A schematic of the mechanisms underlying cerebrovascular actions of insulin in rats. Insulin-induced vasodilation is primarily endothelium-dependent, mediated by prostacyclin (PGI₂), nitric oxide (NO), and endothelium-derived hyperpolarizing factor (EDHF). Elevation of endothelial calcium [Ca²⁺]_i leads to activation of endothelial NO synthase (eNOS), cyclooxygenase, and EDHF pathway, although insulin-induced activation of eNOS is primarily calcium-independent. Calcium-activated K⁺ channels (SK_Ca, small; IK_Ca, intermediate; BK_Ca, large-conductance), myoendothelial gap junctions and inwardly-rectifying K⁺ channels (K_ir) have all been implicated in the vascular hyperpolarization-mediated vasodilation (EDHF mechanism). In addition, NO and PGI₂ activate guanylate and adenylate cyclase to produce cGMP and cAMP in vascular smooth muscle (VSM) cells, respectively, leading to activation of ATP-dependent K⁺ channels and BK_Ca. The subsequent K⁺ efflux and hyperpolarization promotes decrease in [Ca²⁺]_i of VSM cells leading to vasodilation.
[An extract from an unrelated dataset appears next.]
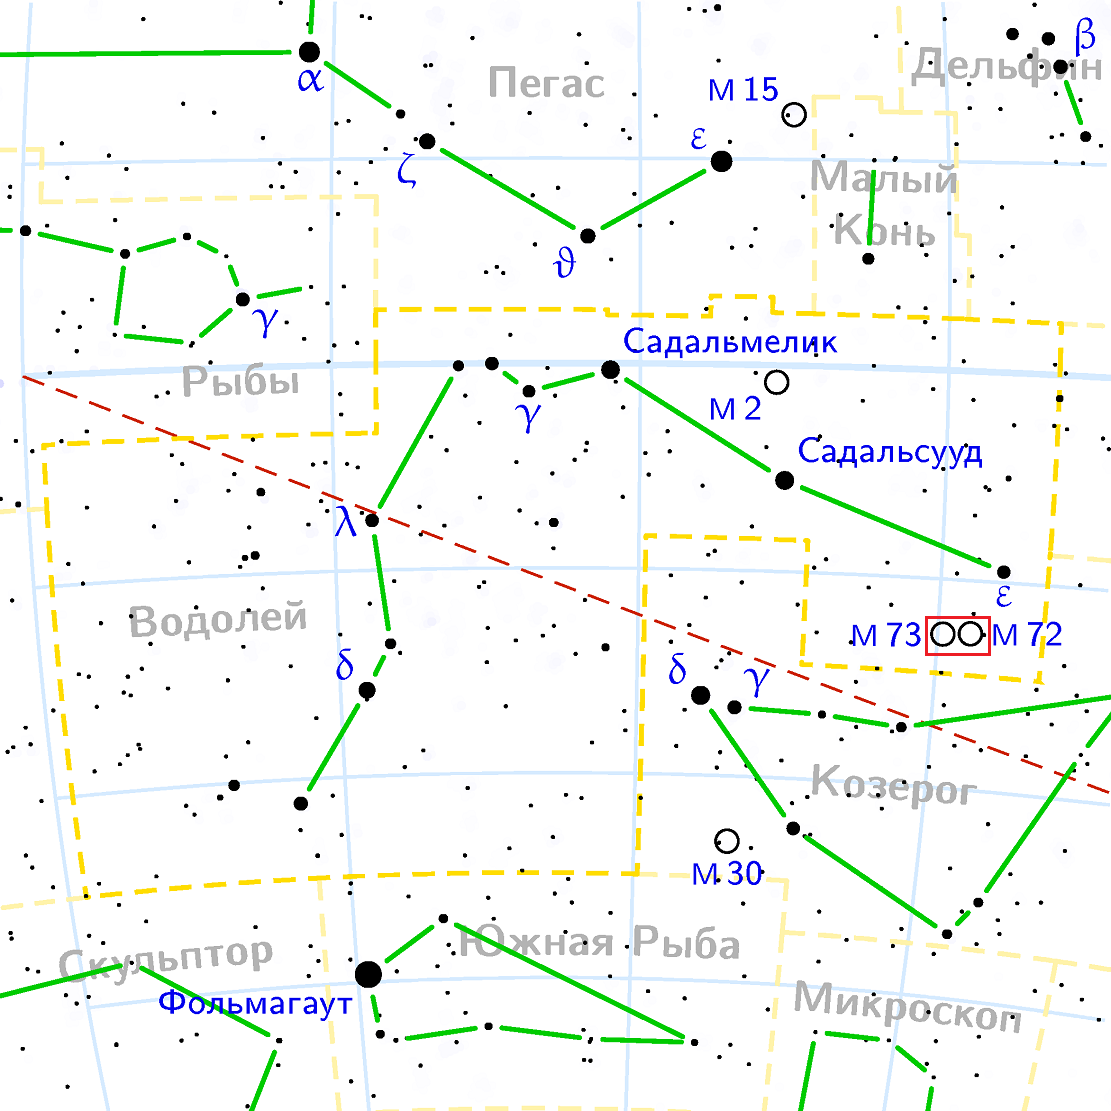 Шаровое скопление M72 и рассеянное скопление M73 в созвездии Водолея

In addition, cGMP and cAMP induce vasodilation by calcium-independent mechanism. Insulin-induced vasoconstriction results from the production of endothelin, vasoconstrictor prostanoids by COX, arachidonic acid metabolites by CP450 or reactive oxygen species (ROS) by the entire vascular wall. ROS induce vasoconstriction by either decreasing the NO bioavailability or promoting direct vasoconstriction. Endothelin causes predominantly vasoconstriction by activation of type A receptors (ET_A) in VSM cells, whereas type B receptor (ET_B) activation contributes to endothelium-dependent vasodilation. The vasoconstrictor factors promote vasoconstriction by both calcium-dependent (increased [Ca²⁺]_i) and independent mechanisms. Dotted arrows in the figure represent inhibition mechanisms.